▶ What you should do
Retype the material that follows exactly, limited to the lines from the one with "Get cozy. Und Kaffee nicht vergessen." through the one with "#wolkenfeld #bettwäsche #schlafzimmer", and keep out all pictures.

▶ Records for the exercise
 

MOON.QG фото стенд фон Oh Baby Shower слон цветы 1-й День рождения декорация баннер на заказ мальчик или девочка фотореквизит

---

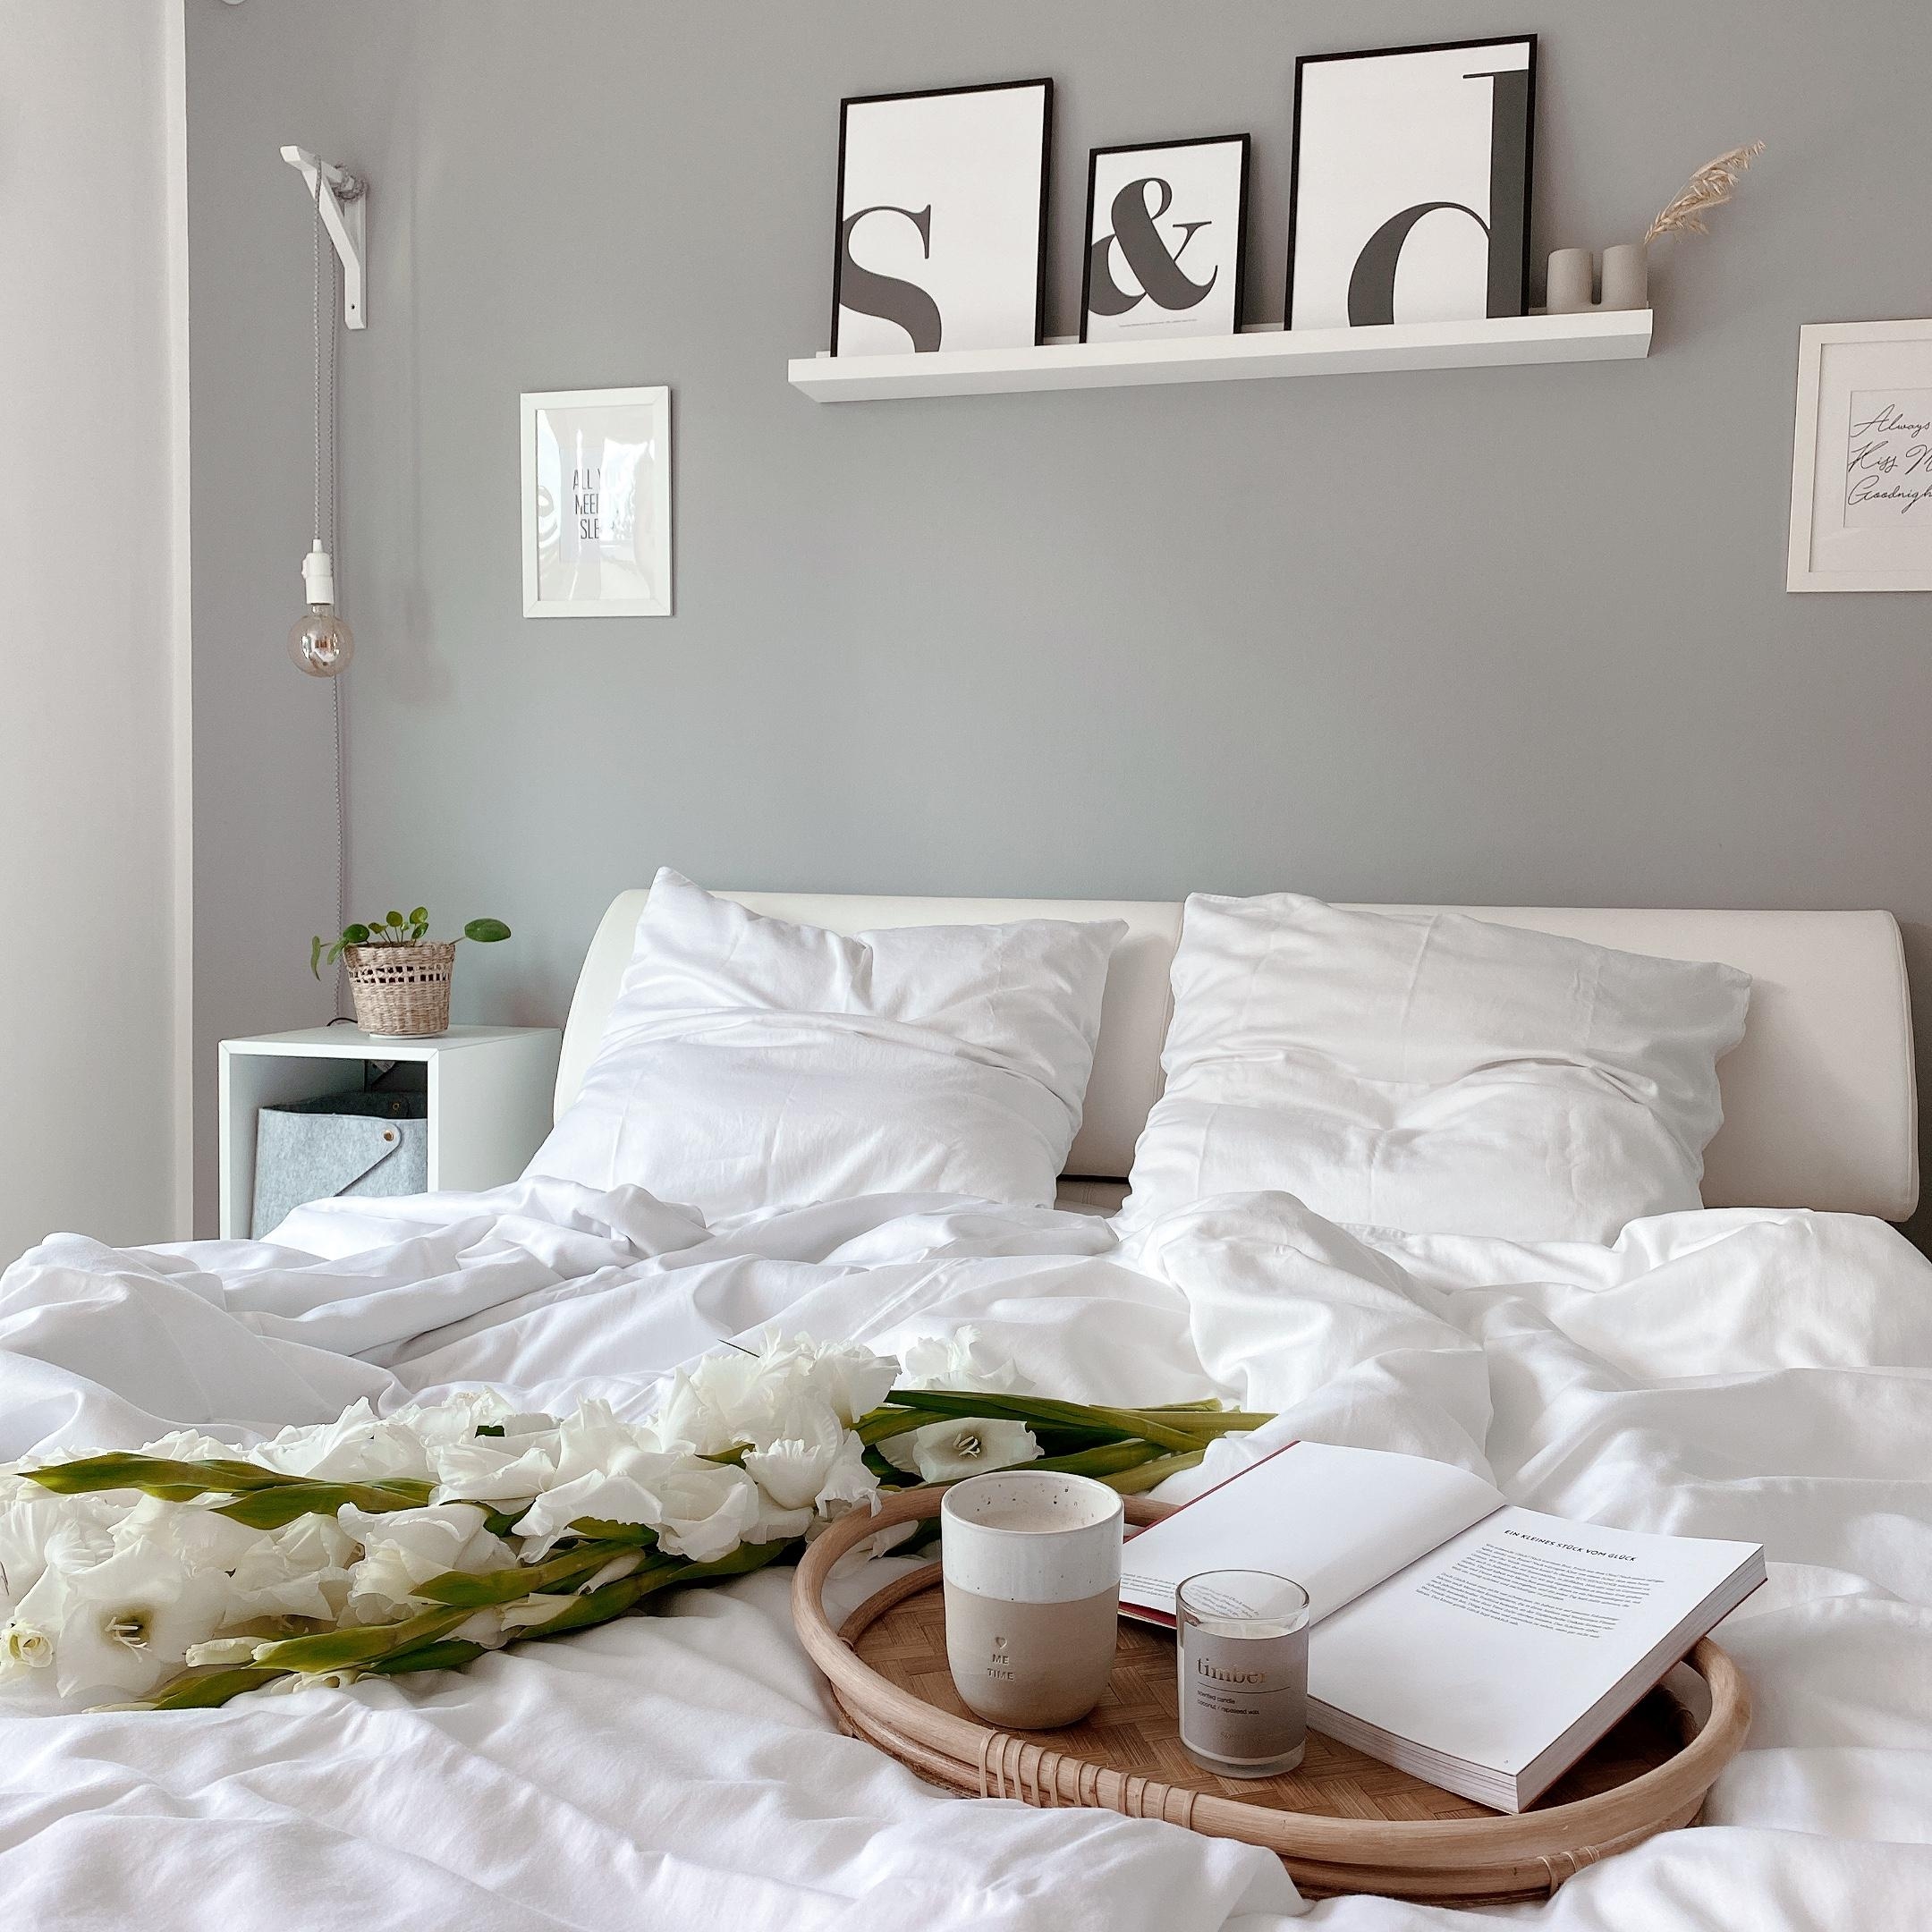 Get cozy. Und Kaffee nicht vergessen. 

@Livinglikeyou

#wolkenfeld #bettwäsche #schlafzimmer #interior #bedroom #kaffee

▶ Result below
 Get cozy. Und Kaffee nicht vergessen. 

@Livinglikeyou

#wolkenfeld #bettwäsche #schlafzimmer #interior #bedroom #kaffee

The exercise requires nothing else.